CEOs of penny stock companies (often on OTC markets) sometimes use questionable tactics to inflate share prices, attract retail investors, or give the illusion of progress.
Here are common ploys or red flags to watch for:
🔥 1. Overhyped Press Releases
What they do: Issue frequent press releases about "game-changing technology", "strategic partnerships", or "expansion plans".
Red flag: These announcements often lack follow-through, financial details, or third-party verification.
🚀 2. Pump and Dump Schemes
What they do: Artificially inflate stock price through hype (pumping) and then insiders or affiliates sell shares at the peak (dumping).
Red flag: Sudden spikes in volume or price after promotional campaigns (emails, SMS, YouTube influencers).
💸 3. Constant Share Dilution
What they do: Issue more shares to raise capital, often for vague or non-scalable projects.

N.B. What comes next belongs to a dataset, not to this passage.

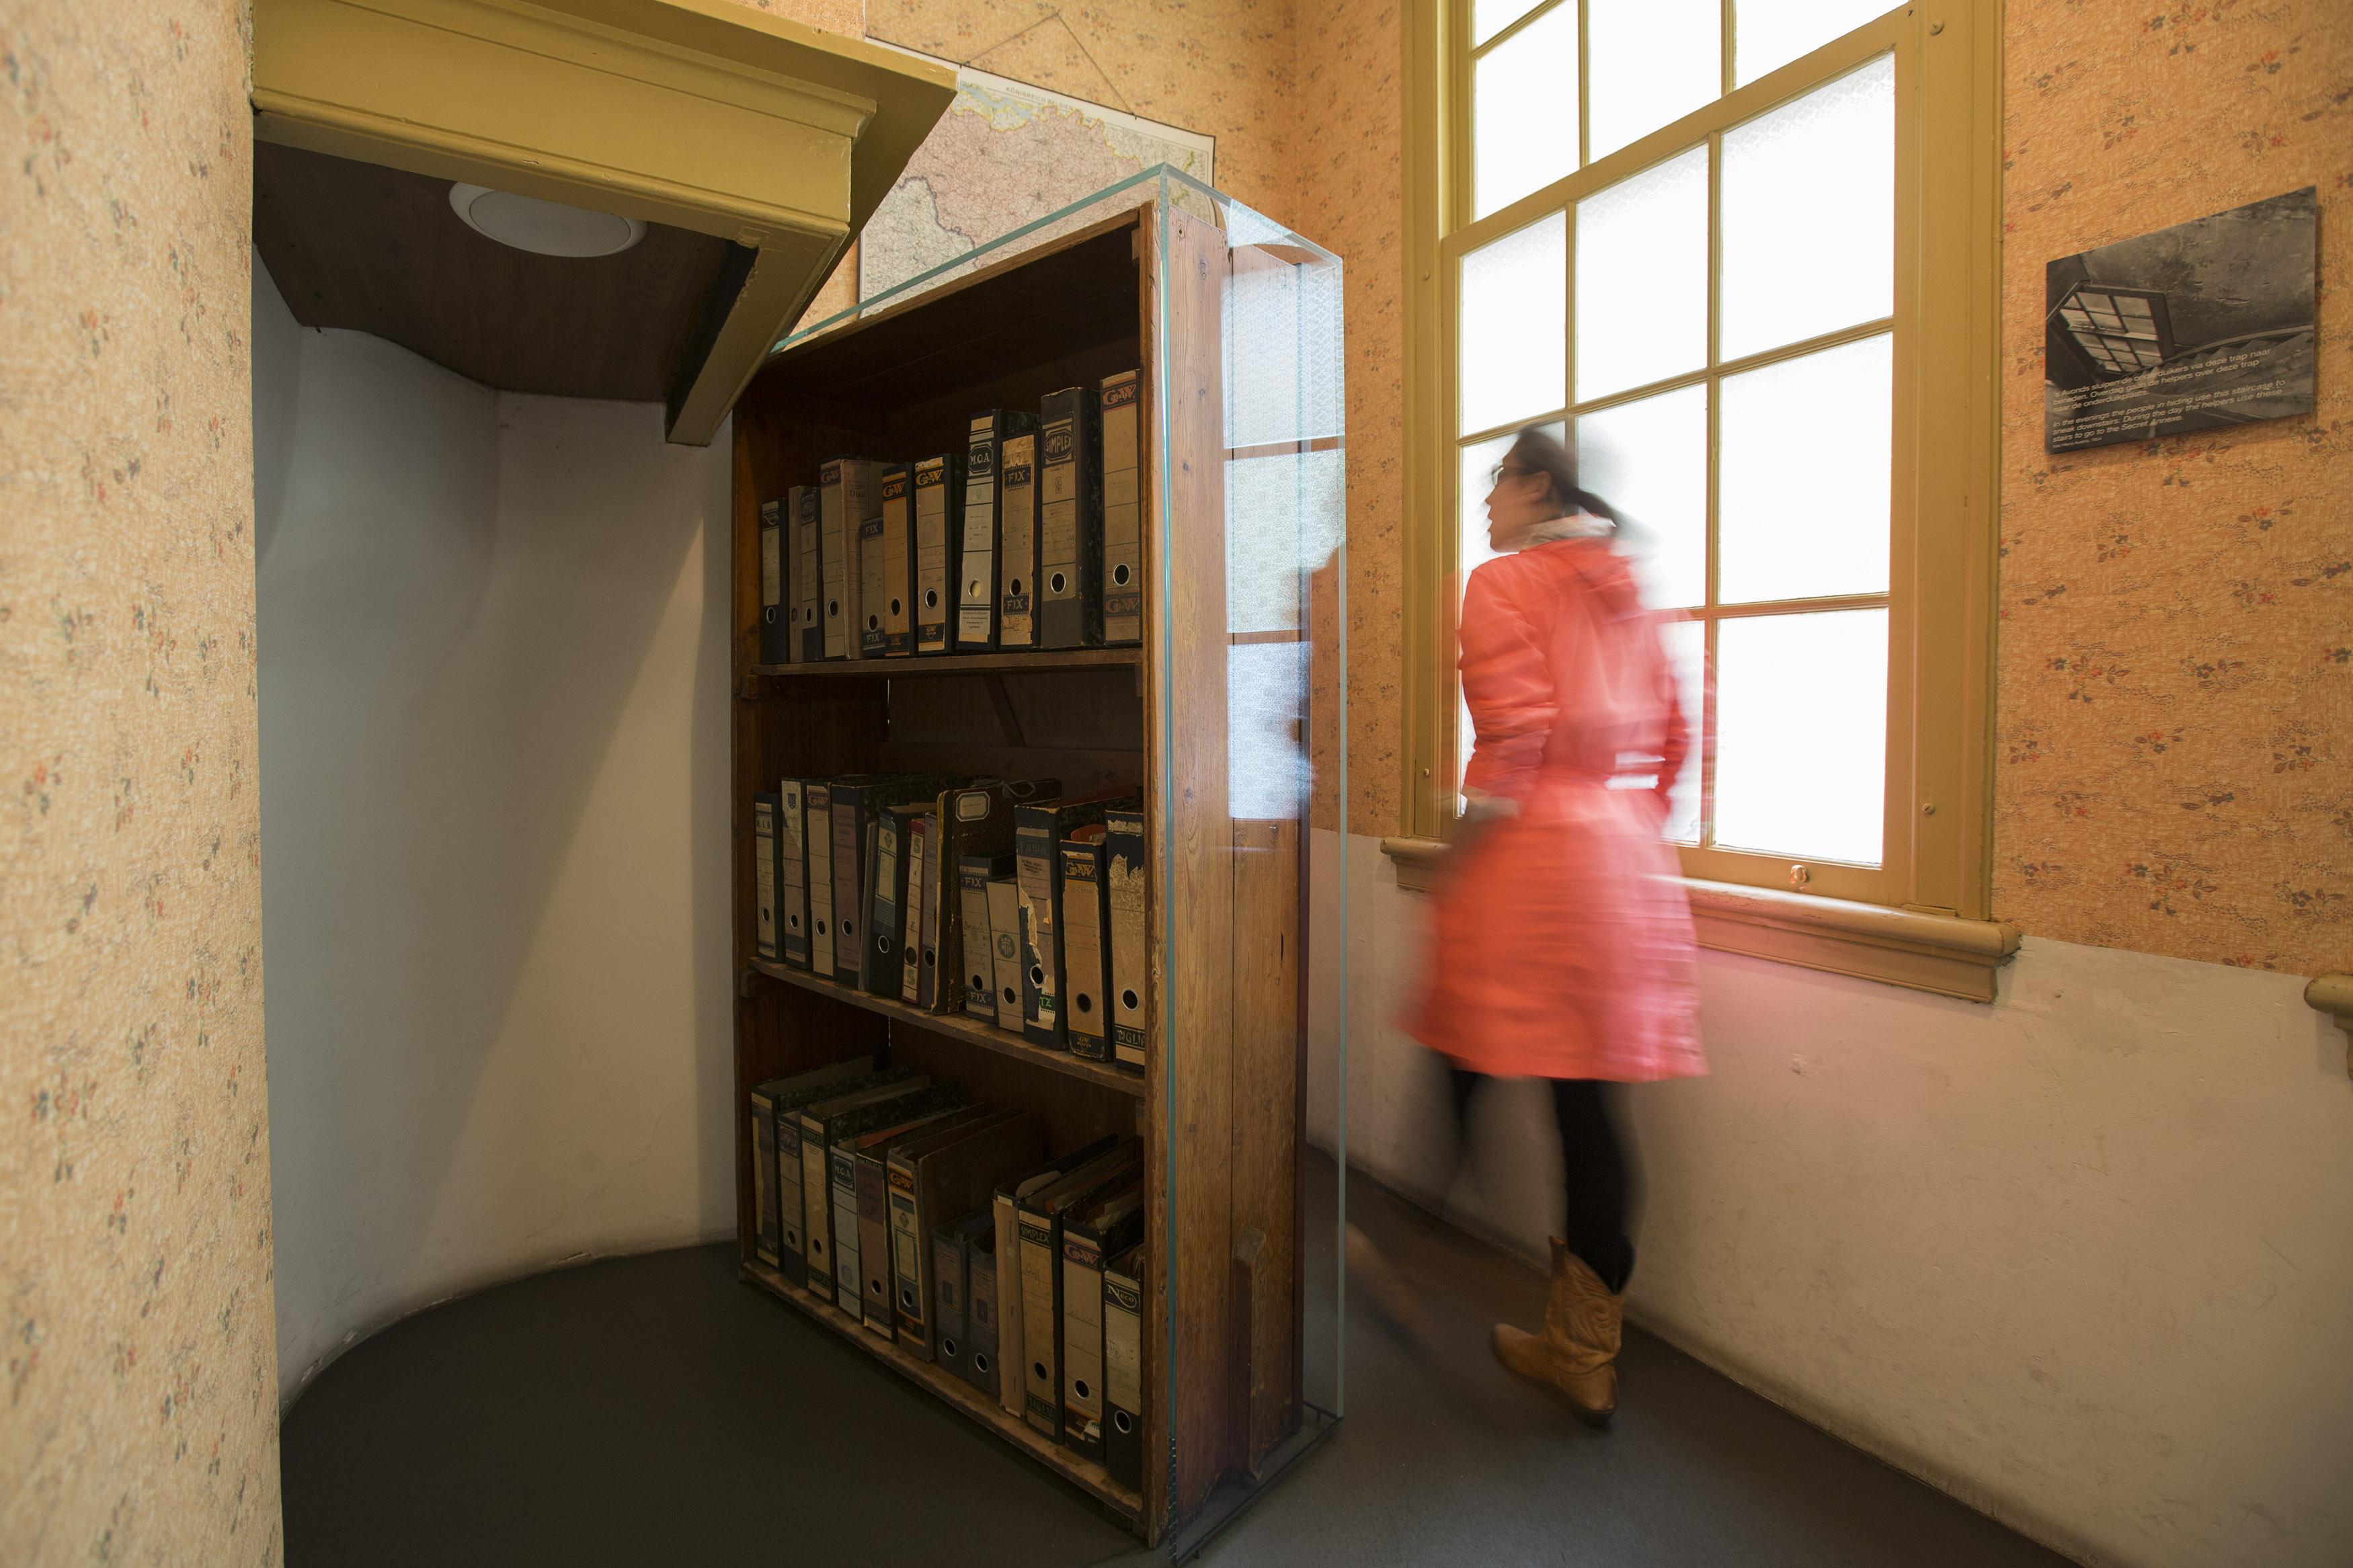 Web And Digital Anne Frank House

Red flag: Increasing outstanding shares with little or no revenue growth. Watch SEC filings (10-K, 10-Q) for dilution patterns.
🧾 4. Fake or Overstated Contracts
What they do: Announce large deals or contracts without naming the partner, or exaggerate their size.
Red flag: Phrases like “a major player in the industry” without specifics, or deals with shell entities.
🧙 5. "Consulting Fees" to Insiders
What they do: Pay large fees or stock options to insiders or affiliates for “consulting,” draining cash.
Red flag: Disclosures about high insider compensation despite little company progress.
🌪️ 6. Reverse Splits
What they do: Reverse split to artificially increase the share price, only to issue more shares later.
Red flag: History of multiple reverse splits + new issuance.
💬 7. Unverifiable Claims or Technology
What they do: Pitch impossible-sounding tech or cures, with no peer-reviewed data.
Red flag: No patents, no third-party validation, and unrealistic timelines.
What they do: Avoid moving to better exchanges (like NASDAQ/NYSE) because they can’t meet standards.
Red flag: OTC Pink/OTCQB listings for years, or unaudited financials.